Un couteau suspendu au-dessus d’un oiseau mort, le regard vide de
mères de "martyrs", une tête décapitée, les yeux fixant le public : le
peintre et opposant syrien Youssef Abdelki expose ses tableaux pétris
des souffrances de la guerre.
La galerie d’art Tanit à Beyrouth accueille depuis le 5 février 30
tableaux de l’artiste de 62 ans, un des plus connus de Syrie : de ces
toiles, dessinées au fusain dans un style épuré, rejaillissent trois ans
d’une guerre qui a changé à jamais le visage de la Syrie.
Pour Youssef Abdelki, emprisonné par le régime en 2013 pendant plus d’un
mois pour ses idées politiques, peindre la guerre "était un parcours
quasi-inévitable".
"Il y a eu tellement de destructions, de sang (...) on est obligé de
peindre ce drame humain", affirme-t-il à l’AFP dans la galerie qui
expose son oeuvre jusqu’au 8 mars.
Le conflit, qui a fait plus de 136.000 morts, "pèse sur les idées et les
sentiments de tout poète, peintre ou musicien", ajoute l’artiste à la
chevelure blanche.
La majorité des toiles, peintes en noir et blanc —sa marque de fabrique—
ont été créées entre le début de la révolte en mars 2011 et jusqu’en
2013, en pleine guerre civile.
Parmi les tableaux les plus frappants, ceux des mères de "martyrs".

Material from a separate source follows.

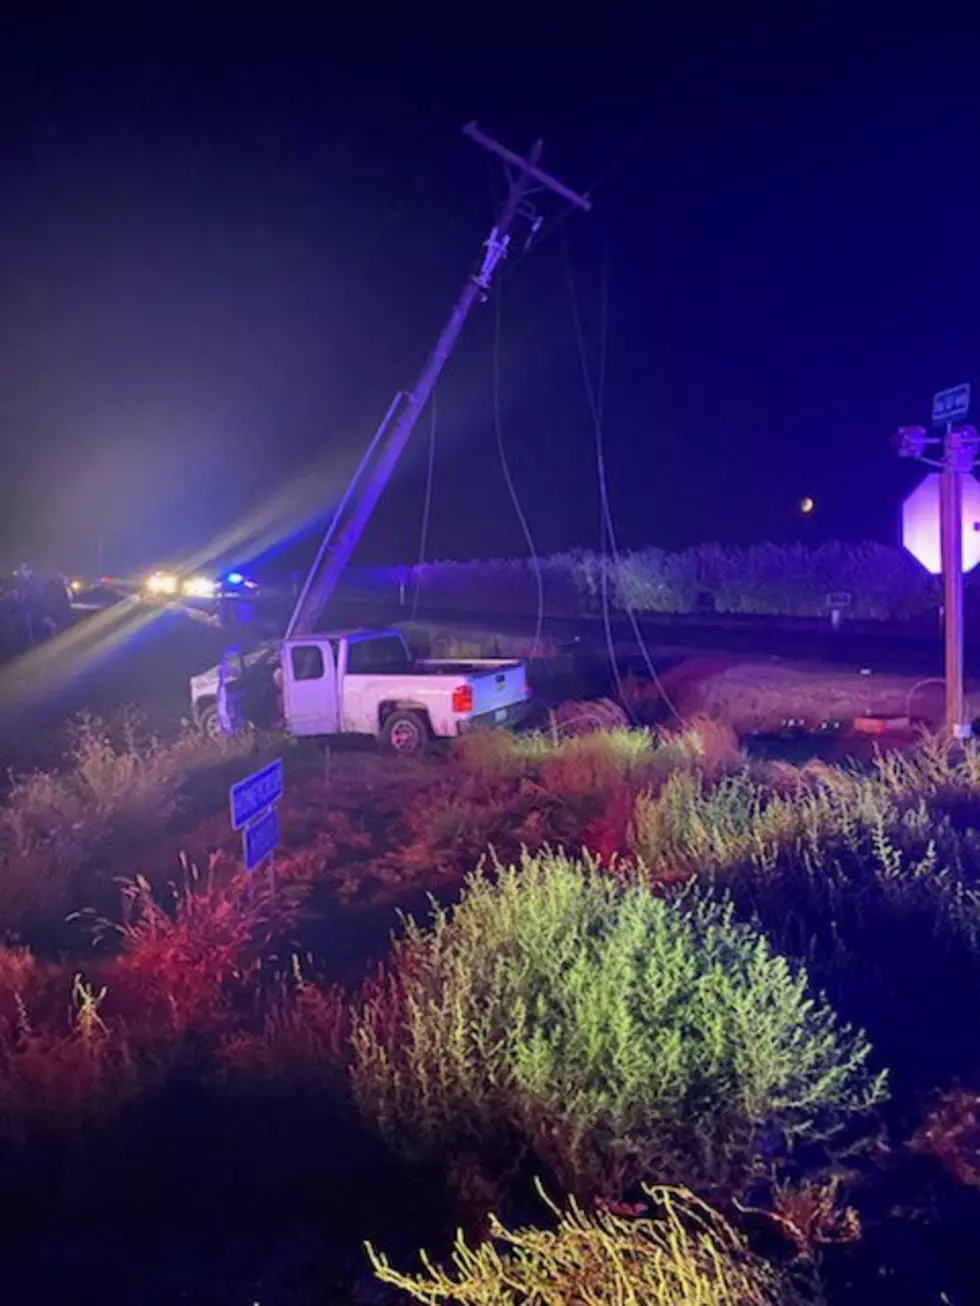 Driver Hits Power Pole Near Quincy Resulting in Massive Power Outages

Sur l’un d’entre eux, une femme est agenouillée devant une chaise sur
laquelle est posée une photo de son fils mort. Ses mains sont jointes,
comme dans une prière, et posées sur sa bouche, comme pour ne pas crier
sa douleur.
Sur une autre toile, le regard vide de la mère portant le portrait de
son "martyr" traduit une souffrance indicible. Devant elle, une fillette
aux mains jointes comme dans une sage résignation devant l’horreur de
la guerre.
Il y aussi le "martyr de Douma", tête coupée mais les yeux bien ouverts
pour témoigner du drame dans cette ville rebelle assiégée près de Damas
ou encore le "martyr de Homs", "capitale de la révolution" : une main
géante près d’une épaisse tache de sang.
L’oeuvre touche visiblement le public, notamment une Damascène en visite à Beyrouth.
"Notre révolution est plus forte"
"C’est devenu ça mon pays, des mains ensanglantées, des têtes coupées, de la destruction", dit-elle à l’AFP, les yeux rougis.
Les toiles rappellent aussi les premiers temps du soulèvement : dans un
tableau daté de 2011, un énorme couteau fait face à un petit papillon,
allégorie de la vulnérabilité des manifestants face à la machine
sécuritaire du régime.
Pour M. Abdelqi, "il n’y a pas de frontière" quand on dépeint les effets
dévastateurs la guerre. "Quand Goya a peint ’Les Fusillades du 3 mai’,
il parlait des exécutions dans les guerres du monde entier" et pas
seulement de la rébellion de mai 1808.
"Plus vous dessinez avec loyaulté, plus vous touchez le public",
poursuit le peintre, membre de l’opposition de l’intérieur qui appuie la
lutte anti-régime mais refuse toute intervention étrangère.
Sa détention à l’été 2013, qui a suscité une vague d’indignation dans
les milieux artistique et intellectuel, le laisse quasi-indifférent.
"J’ai été emprisonné alors que des milliers de Syriens avaient été tués
et emprisonnés, c’est un petit détail face à ce drame épouvantable",
dit-il.
Arrêté déjà à la fin des années 70 pour son appartenance au Parti de
l’action communiste, il était parti à Paris où il a vécu 25 ans, avant
de rentrer en Syrie en 2005.
Ses personnages ne sont pas tous anonymes.
Dans un tableau intitulé "Hamza, Layal et les autres", on reconnaît le
visage de Hamza al-Khatib, premier "enfant martyr", dont le meurtre et
la torture ont été imputés par les militants aux forces de sécurité à
Deraa, berceau de la révolte. Son corps et celui d’un autre enfant
enveloppé d’un linceul sont entourés de pétales de fleurs.
On retrouve aussi Bassel Shehadé, réalisateur syrien et militant
pacifique tué à Homs en 2012 dans une opération de l’armée. Aux côtés
d’une caméra et d’une fleur, son visage souriant, reproduisant une photo
de lui, apparaît au centre de la toile, sur laquelle est écrit le nom
de Che Guevara.
Mais aussi cette phrase : "Notre révolution est plus forte".